Chhaang or chhyang (, , ) is a Nepalese and Tibetan alcoholic beverage also popular in parts of the eastern Himalayas, Yakkha, Limbu, Dura, Newar, Sunuwar, Rai,  Gurung, Magar, Sherpa, Tamang and Lepcha communities. Among the Lepcha, it is called Chi. It is also known as jaarh in Nepal.

Geographical prevalence
Chhaang is consumed by ethnically Tibetan, Ladakhi and Nepalese, and to a lesser degree, by the neighboring nations of  Pakistan and Bhutan.  It is usually drunk at room temperature in summer, but is often served piping-hot in brass bowls or wooden mugs when the weather is colder. The Limbu people of eastern Nepal call the drink Tongba.

Ingredients and drinking

Chhaang is a relative of beer. Barley, millet (finger-millet) or rice grains are used to brew the drink. Semi-fermented seeds of millet are served, stuffed in a barrel of bamboo called a dhungro.  Boiling water is then poured in and sipped through a narrow-bore bamboo tube called a pipsing.

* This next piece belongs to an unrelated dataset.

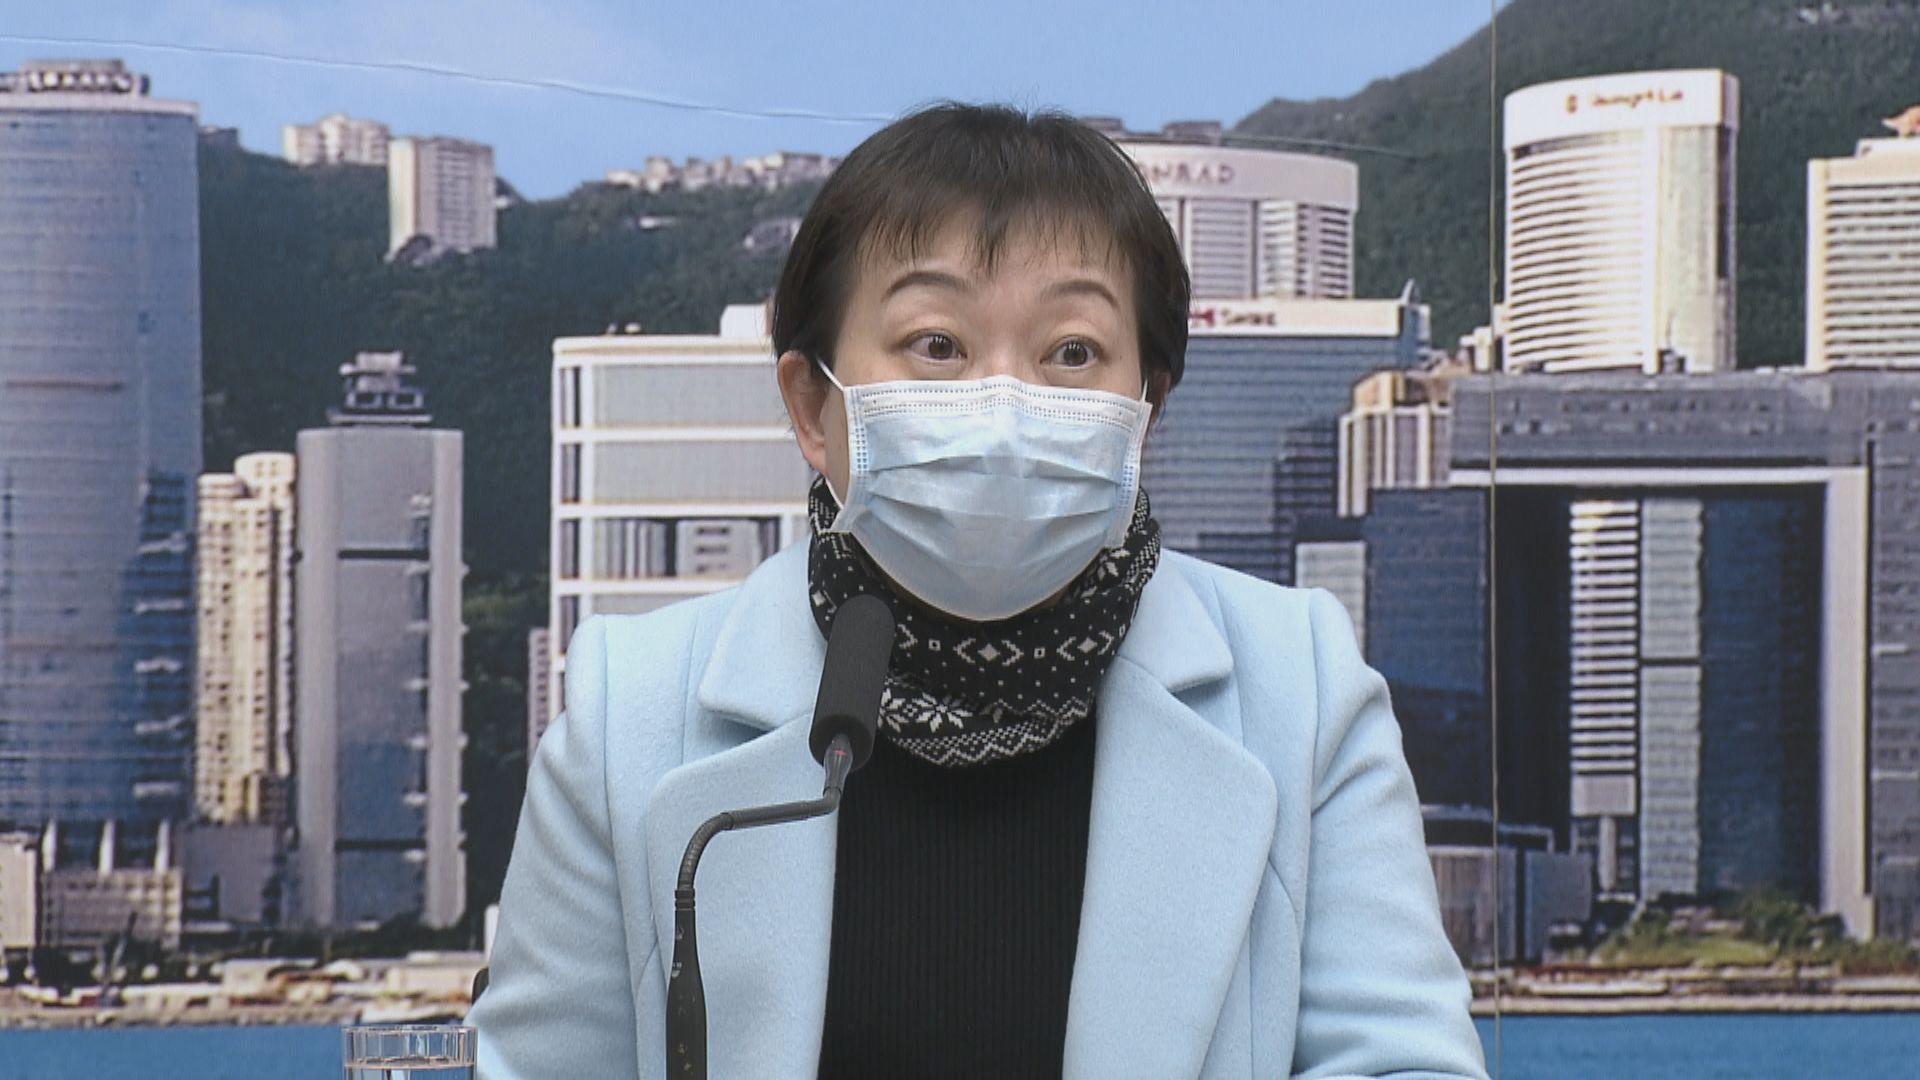 一對武漢夫婦初步對新型冠狀病毒呈陽性反應 曾到本港多間酒店

When the boiled barley has cooled, some yeast or dried barm is added and it is left to stand for two or three days after fermentation begins. This concoction is called glum. The barm consists of flour and, in Balti, often has ginger and aconite added to it. After fermentation is complete, water is added to the brew and it is then ready for consumption.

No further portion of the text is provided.